Correct bug in PageviewDefinition removing arbcom-*.wikipedia.org
- Correct bug in PageviewDefinition removing outreach.wikimedia.org and donate.wikipedia.org as pageview hosts.
- Correct bug in page_title extraction, ensuring spaces are always converted into underscores.
- Correct bug in PageviewDefinition ensuring correct hosts only can be flagged as pageviews.
- Add Spark mobile_apps sessions statistics job.
- Fix bug in Webrequest.normalizeHost when uri_host is empty string.
- wmf_app_version field now in map returned by UAParserUDF.
- Added GetPageviewInfoUDF that returns a map of information about Pageviews as defined by PageviewDefinition.
- Added SearchRequestUDF for classifying search requests.
- Added HostNormalizerUDF to normalize uri_host fields to regular WMF URIs formats. This returns includes a nice map of normalized host info.
- Build against CDH 5.4.0 packages.
- Maven now builds non-uber jars by having hadoop and hive in provided scope.

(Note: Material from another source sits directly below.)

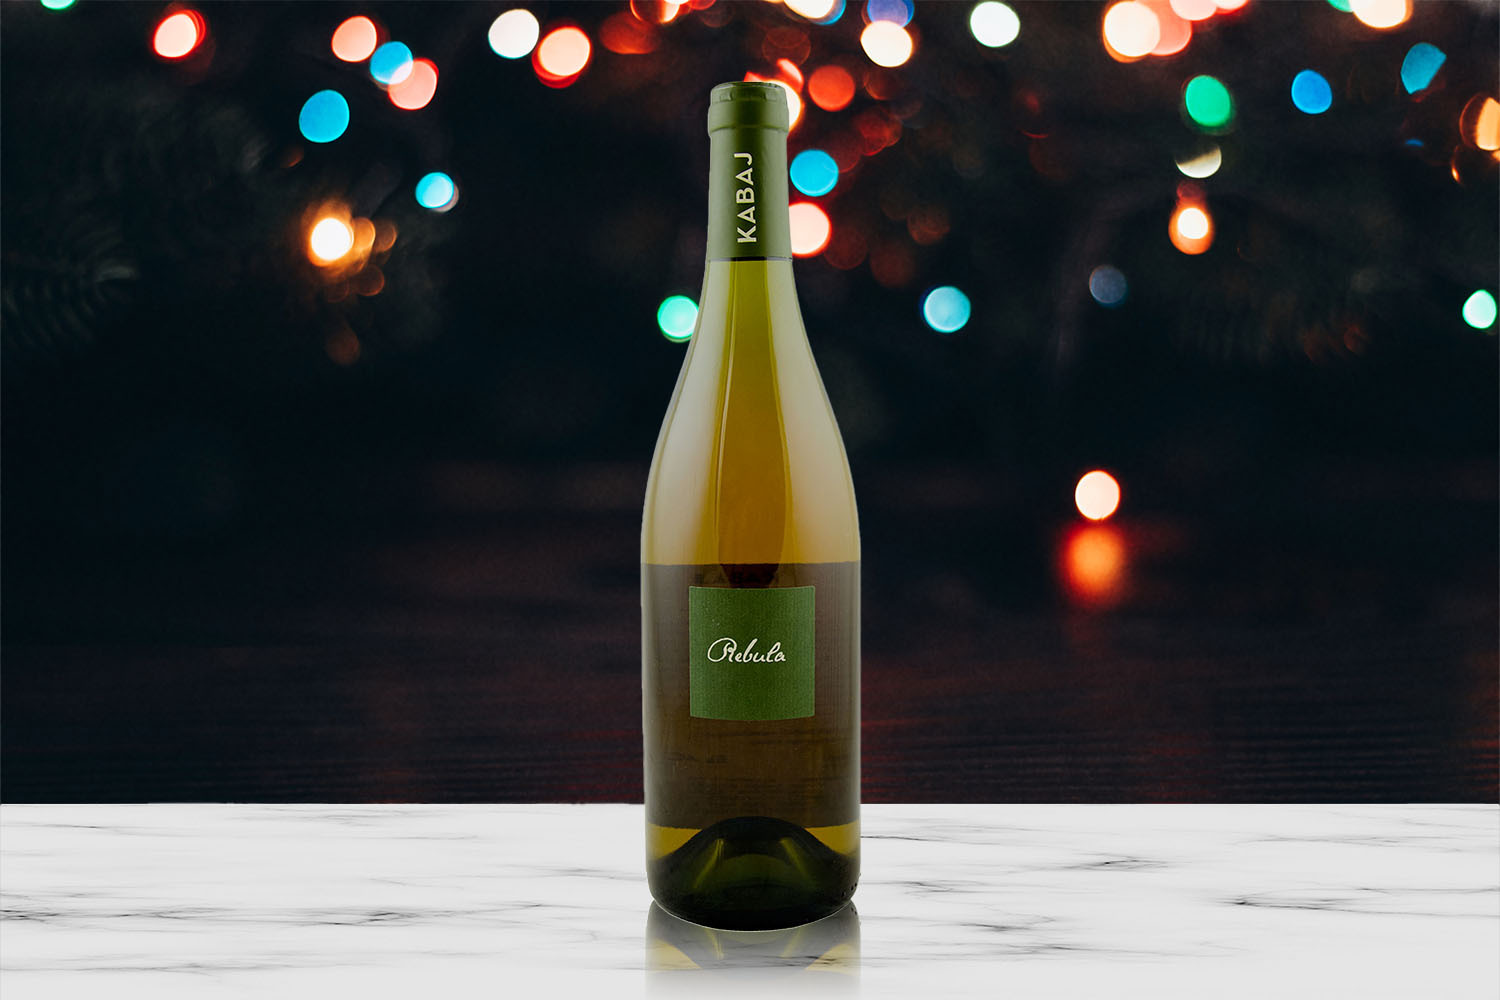 Kabaj Rebula wine in front of holiday lights

It also takes advantage of properties to propagate version numbers.
- PageView Class has a function to extract project from uri. Bugs have been corrected on how to handle mobile uri.
- Referer classification now outputs a string instead of a map.
- Generic functions used in multiple classes now live in a single "utilities" class.
- Pageview and LegacyPageview have been renamed to PageviewDefinition and LegacyPageviewDefinition, respectively. These also should now use the singleton design pattern, rather than employing static methods everywhere.
- renames isAppRequest to isAppPageview (since that's what it does) and exposes publicly in a new UDF.
- UAParser usage is now wrapped in a class in refinery-core.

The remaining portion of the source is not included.